Espagne : Le mouvement des jeunes s’étend

“Je ne veux pas être esclave de ce système’’

Durant la soirée du mardi 17 mai, le mouvement d’opposition des jeunes qui s’est développé en Espagne a conduit 150.000 personnes à occuper les places de pas moins de 57 villes et villages.

Le mouvement – ‘Une vraie démocratie maintenant’ – se poursuit et s’étend. Malgré les tentatives du gouvernement du PSOE de briser les protestations, le week-end à venir devrait connaître une nouvelle croissance de la rébellion des jeunes. Ce mouvement est maintenant le thème dominant dans les discussions à travers le pays.

Les élections locales se tiennent dimanche prochain en Espagne et l’un des principaux appels lance par les jeunes est ‘‘ne votez pas pour eux’’. ‘Eux’, c’est le parti soi-disant ‘socialiste’ PSOE et l’opposition de droite du PP.

Le sentiment parmi les manifestants est très profondément anti-banquiers et anti-riches; contre le système et le Loi du marché. Les banderoles lors des protestations clament “Nous ne sommes pas des marchandises destinées à être achetées et vendues” ou encore “je ne veux pas être esclave de ce système”.

“Révolution”

Tous les jeunes impliqués s’identifient à l’idée générale de “révolution”, sans toutefois en avoir une idée claire. Certains appellent au “changement” du “système” tandis que d’autres ont très clairement l’idée de s’opposer au capitalisme. Par contre, il n’y a aucune clarté concernant ce par quoi le capitalisme peut être remplacé.

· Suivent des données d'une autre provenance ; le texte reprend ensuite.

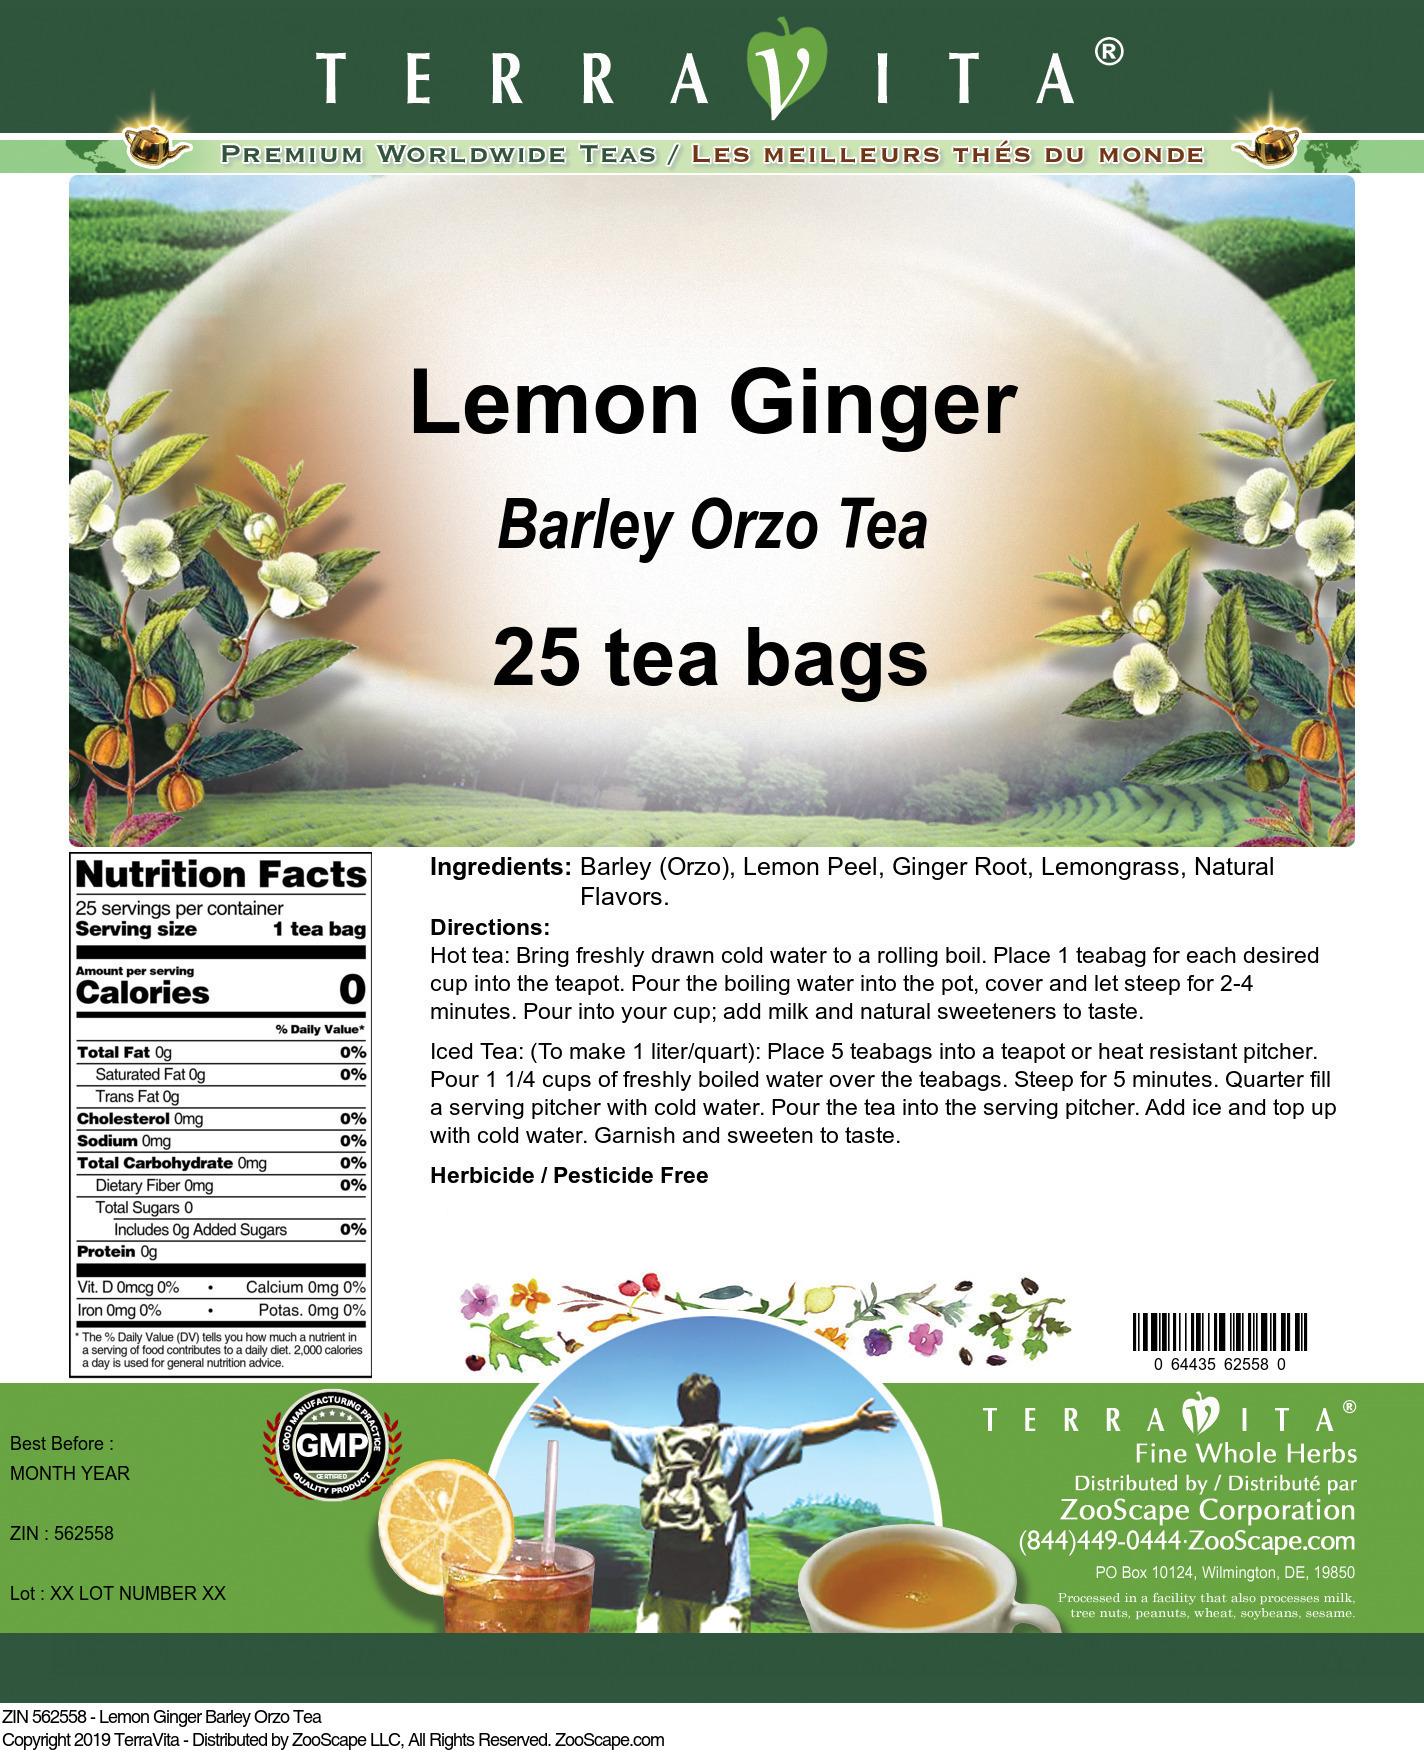 Lemon Ginger Barley Orzo

A Madrid, le PSOE avait prévu de tenir son dernier meeting de campagne Puerta del Sol, mais les jeunes occupant la place et les dirigeants du PSOE doivent tenir leur meeting ailleurs dans le centre ville. Le gouvernement du PSOE a encore une fois condamné la jeunesse pour ses protestations et a appelé à vidé la place.

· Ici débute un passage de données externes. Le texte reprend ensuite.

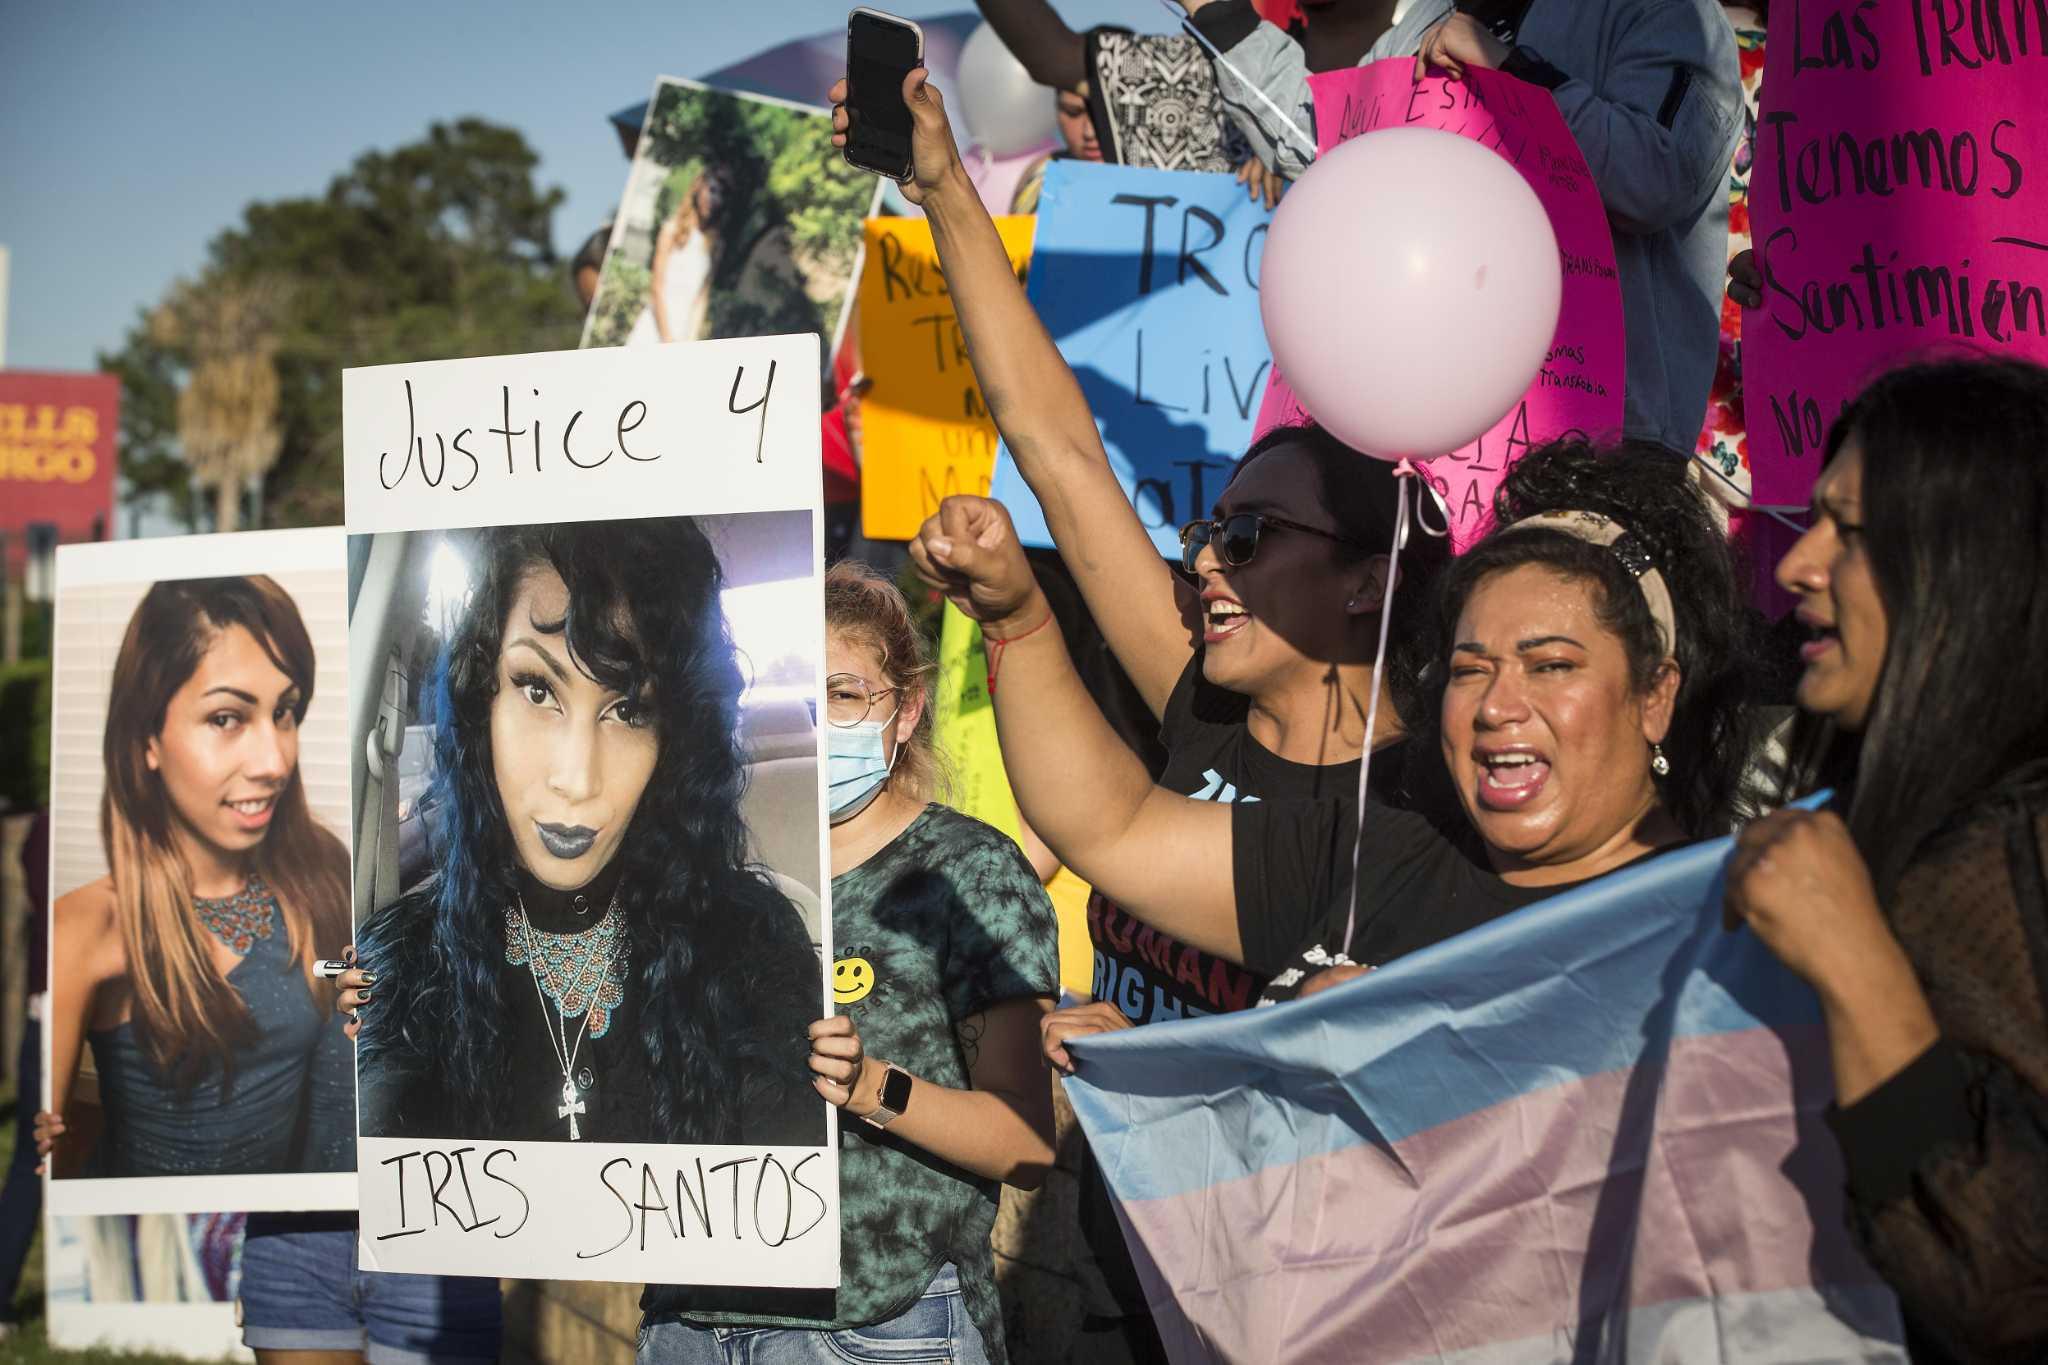 'My heart is bleeding': Transgender woman's shooting death devastates community

Même s’il s’agit d’un mouvement de la jeunesse, de nombreux travailleurs plus âgés regardent ces protestations avec solidarité. A Madrid, des rapports font état de centaines de travailleurs venus soutenir les jeunes la nuit dernière, eux-mêmes amicaux face à ce renfort. Mais les jeunes sont fermement aliénés et même hostiles face aux syndicats, à la suite du rôle qu’a joué la plupart des dirigeants syndicaux dans le passé. De nombreux travailleurs partagent ces critiques.

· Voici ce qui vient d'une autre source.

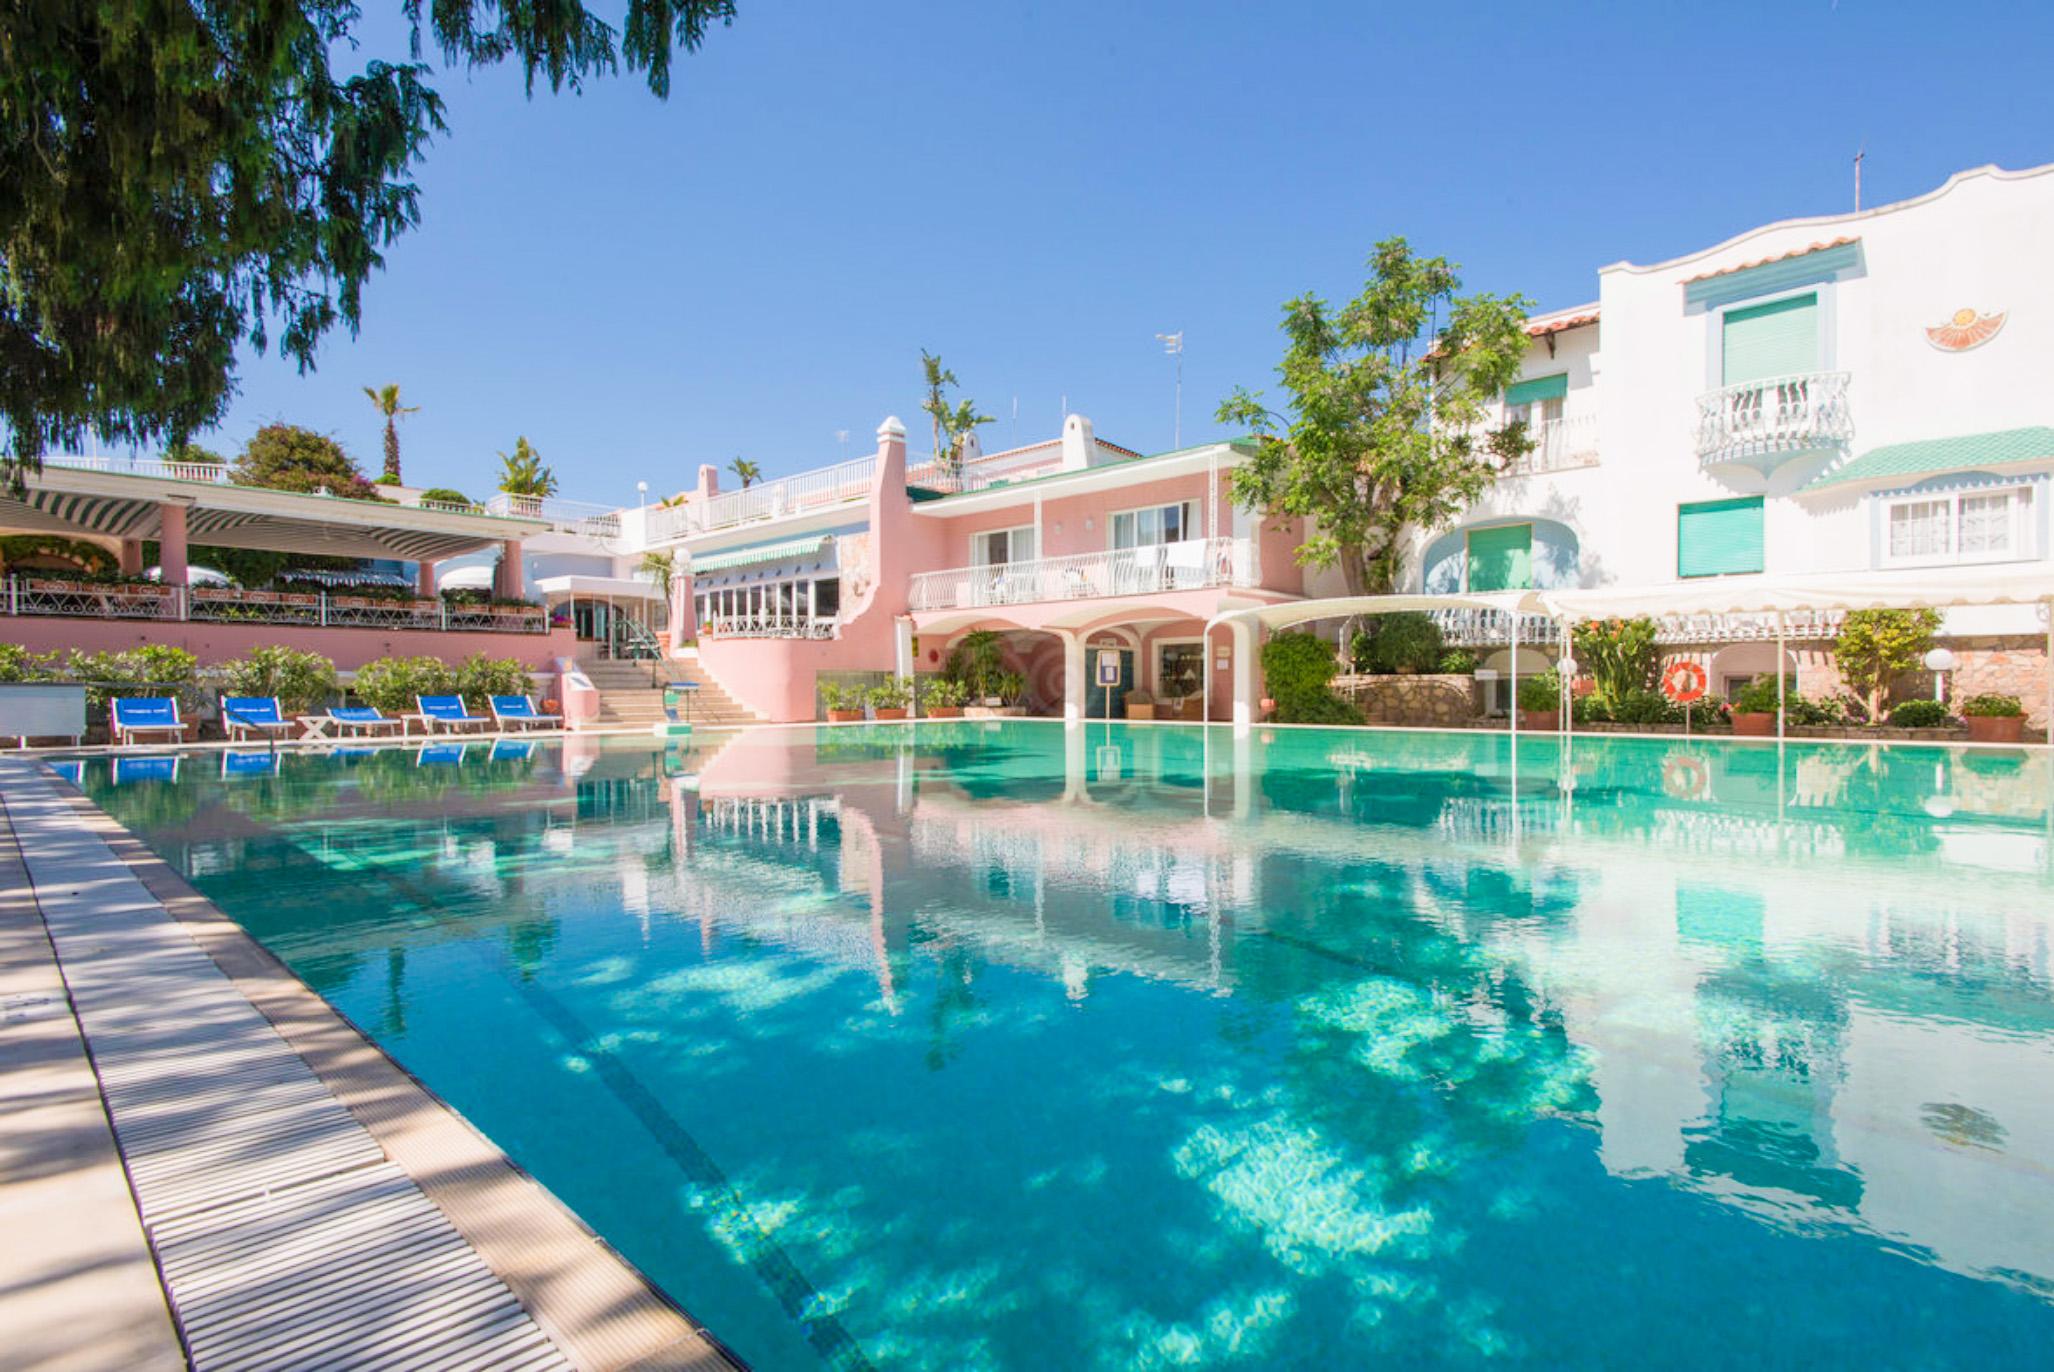 hotel-continental-terme-ischia-piscina-esterna2

Le CIO en Espagne appelle à l’unité maximale entre travailleurs et jeunes, pour une grève générale et la formation de comités de lutte impliquant les travailleurs et les jeunes. Nous exigeons de ne pas payer la dette nationale, de nationaliser les banques et les secteurs clés de l’économie sous le contrôle et la gestion des travailleurs, et défendons un programme socialiste de transformation de la société.